School lunches get a makeover

(Family Features) As schools are hard at work revamping lunch menus in line with the U.S. Department of Agriculture’s (USDA) new school lunch guidelines, chocolate milk has already undergone a makeover that schools, parents and kids can all feel good about.

Dr. Keith Ayoob, RD, a nationally-recognized child nutrition expert, highlights the biggest changes under the new guidelines:

More colorful fruits and vegetables. Both fruits and vegetables must be served every day of the week, and there is now a weekly requirement for specific colors of vegetables. Previously schools only had to offer either fruits or vegetables.
Whole grains will be required. While encouraged in the past, schools now must offer whole-grain rich foods. Schools are really looking at how to ensure foods are nutritious, but also appealing to kids. It’s a challenge, but one that schools across the nation are focused on.

Schools are paying attention to portions. Calorie limits will be enforced based on the age of children being served to ensure proper portion size. New menus will be increasingly focused on reducing saturated fat, trans fats and sodium.
Nutrient-rich milk is emphasized. Along with low-fat and fat free white milk, now all the chocolate milk served for school lunch will be fat free.

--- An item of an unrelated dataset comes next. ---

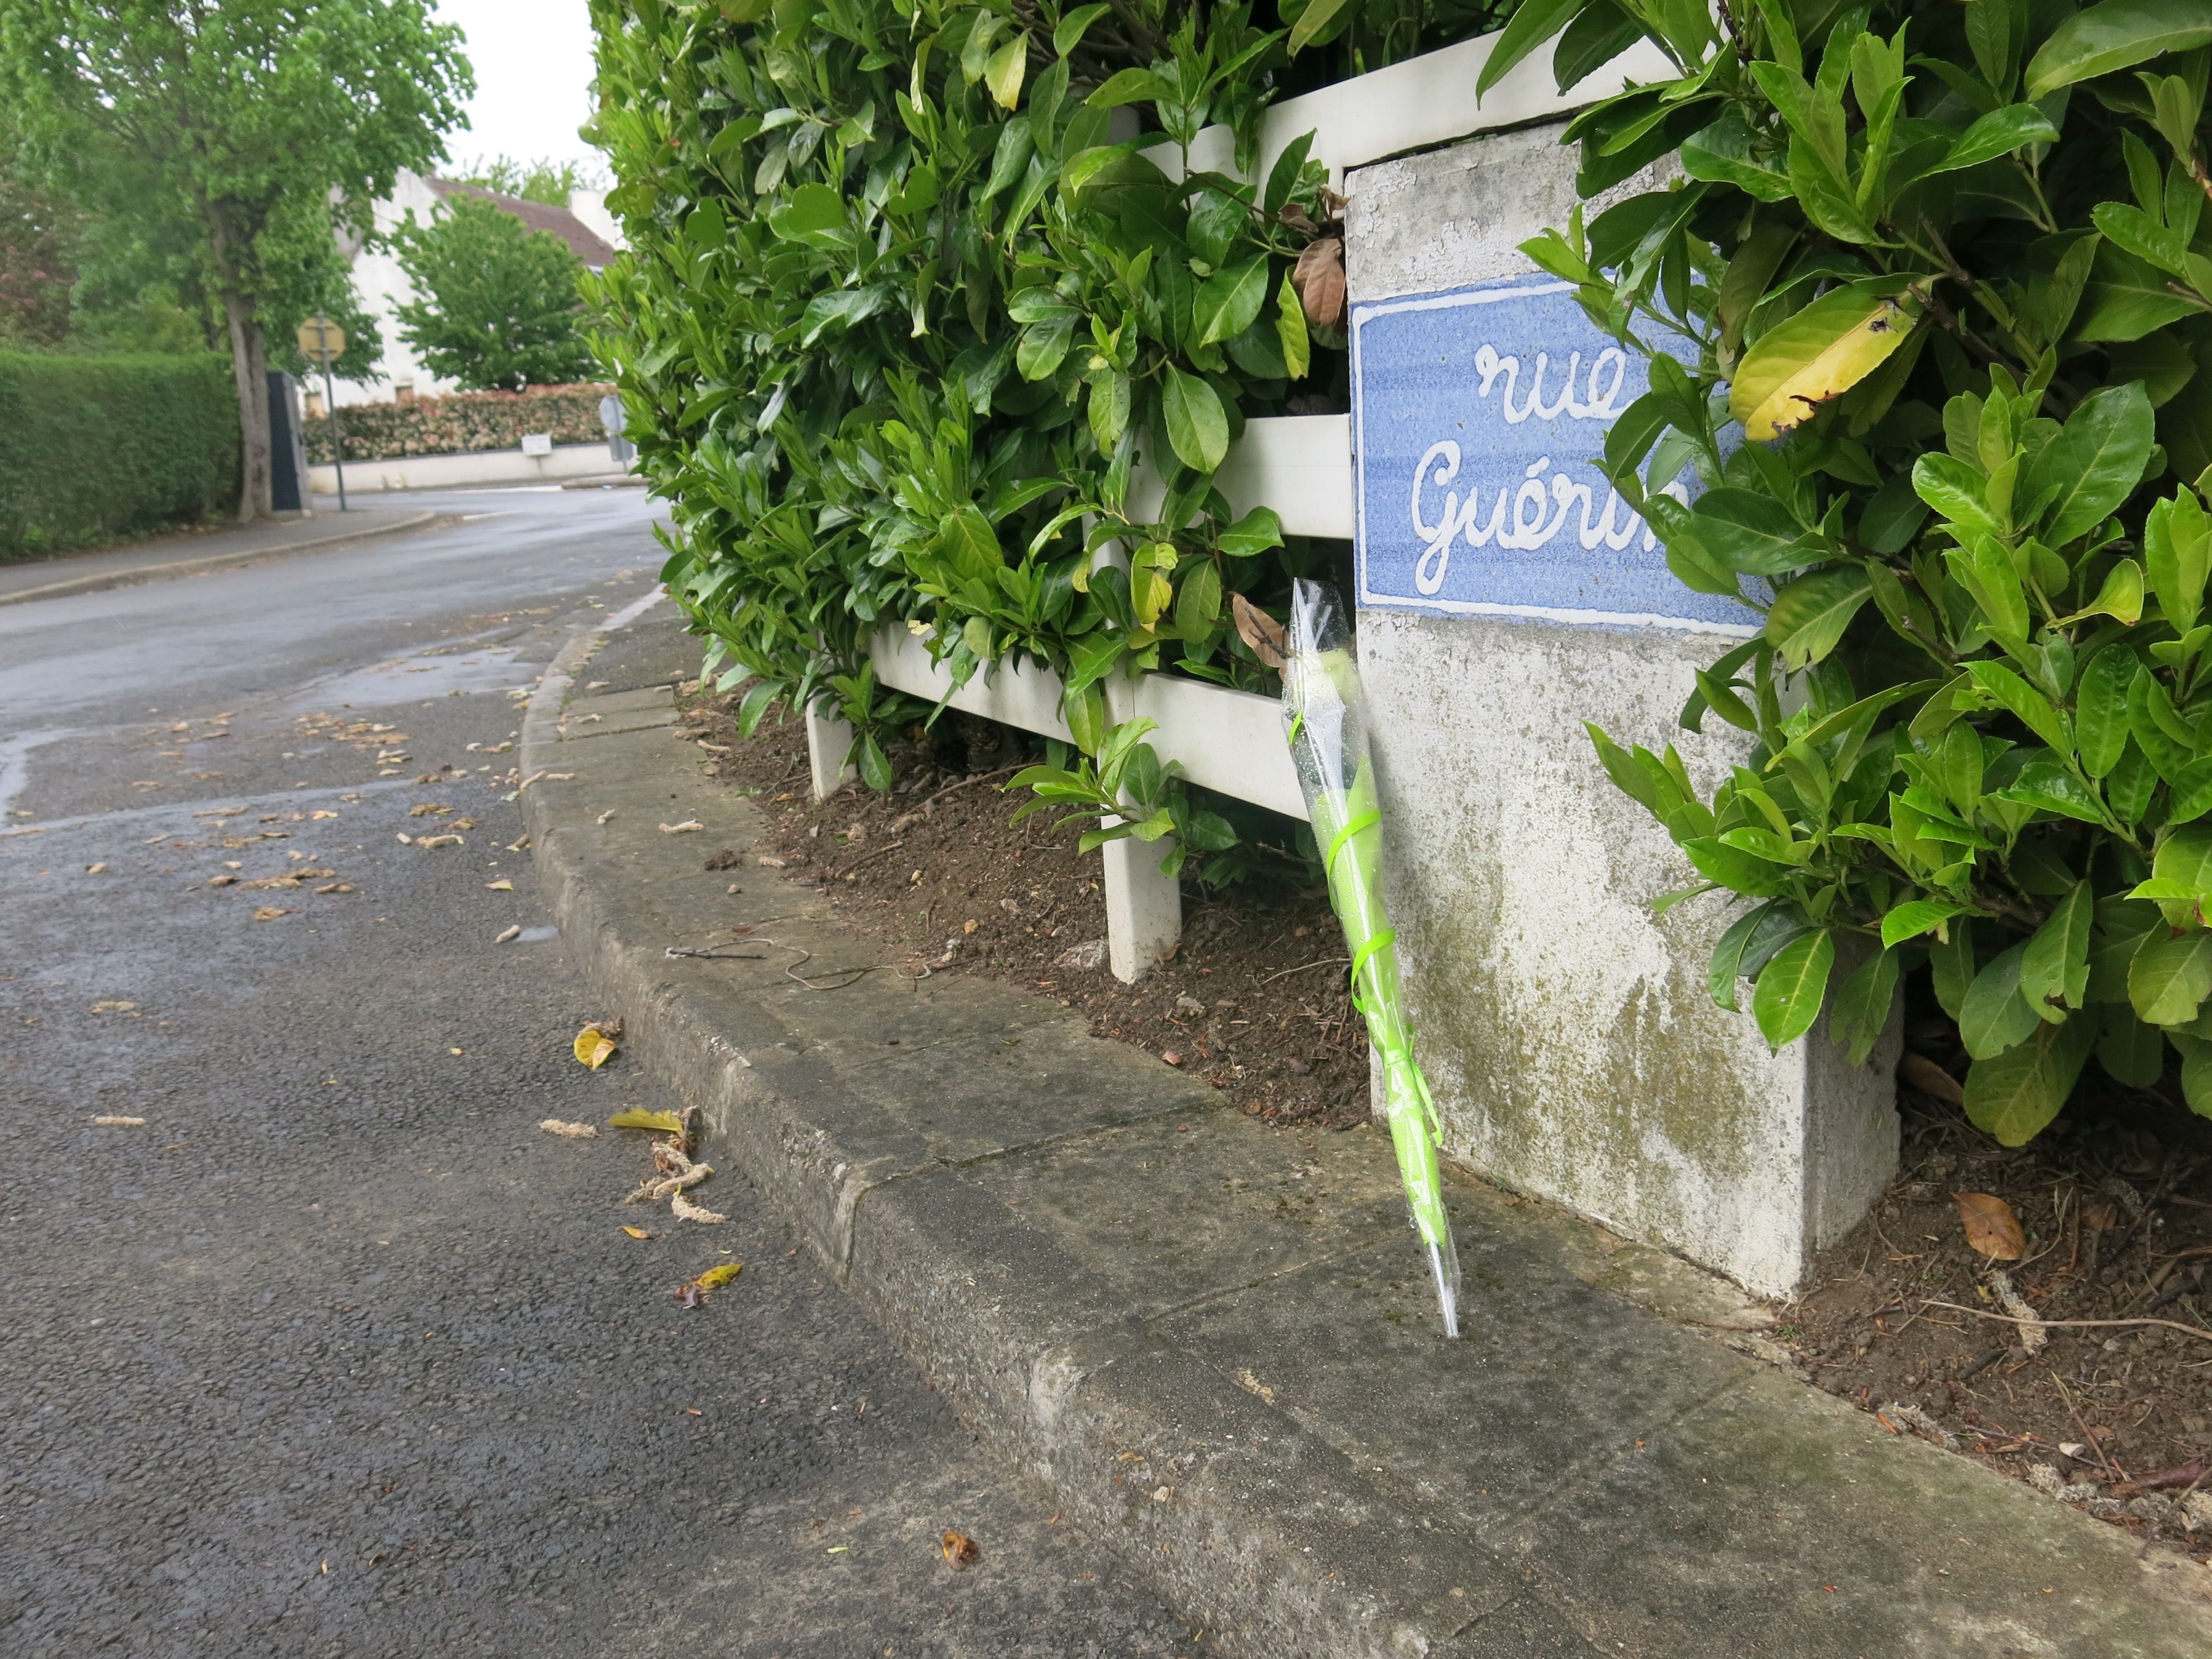 Au lendemain de la découverte du corps d'une jeune femme, rue Guérin à Pontault, une fleur a été déposée sur les lieux où elle a été retrouvée. LP/Sébastien Blondé

While the school lunch menu has only recently changed, school chocolate milk has been undergoing changes for the past five years. The nation’s milk processors have been hard at work to lower the calories and sugar in school flavored milk, while continuing to deliver a nutritious and delicious drink kids love. School flavored milk now has 38 percent less added sugar than just five years ago and on average, just 31 calories more than white milk. The majority have fewer than 150 calories per serving.
Flavored milk is the most popular choice in school lunch rooms, and kids drink less milk and get fewer nutrients when it’s taken away. Whether flavored or white, milk has 9 essential nutrients, including calcium, vitamin D and potassium, which are all “nutrients of concern” that most kids fail to get enough of. Many kids are falling short of the recommended milk each day, and when they skip milk at lunch, they’re not likely to make up for it the rest of their day.

Dr. Ayoob has some tips to help parents and kids make the most of school lunches:
It’s equally important that school meals are appealing, as they are nutritious. Along with good nutrition, food choices need to be practical, so they don’t end up in the trash. Many children are overfed but undernourished, so focusing on our kids’ nutrient intake is essential now more than ever. Studies show flavored milk contributes just 3 percent of added sugars to kids’ diets, compared to sodas and fruit drinks, which account for close to half of the added sugar and deliver much less, if any, nutritional value.

Help kids learn healthy choices. Research has found that if you offer kids carrots and celery, they’ll eat more carrots than if you just provide carrots alone. Offering nutritious choices in schools helps kids learn food and nutrition lessons and research suggests the ability to choose between two or more options helps boost kids’ overall intake of nutritious foods.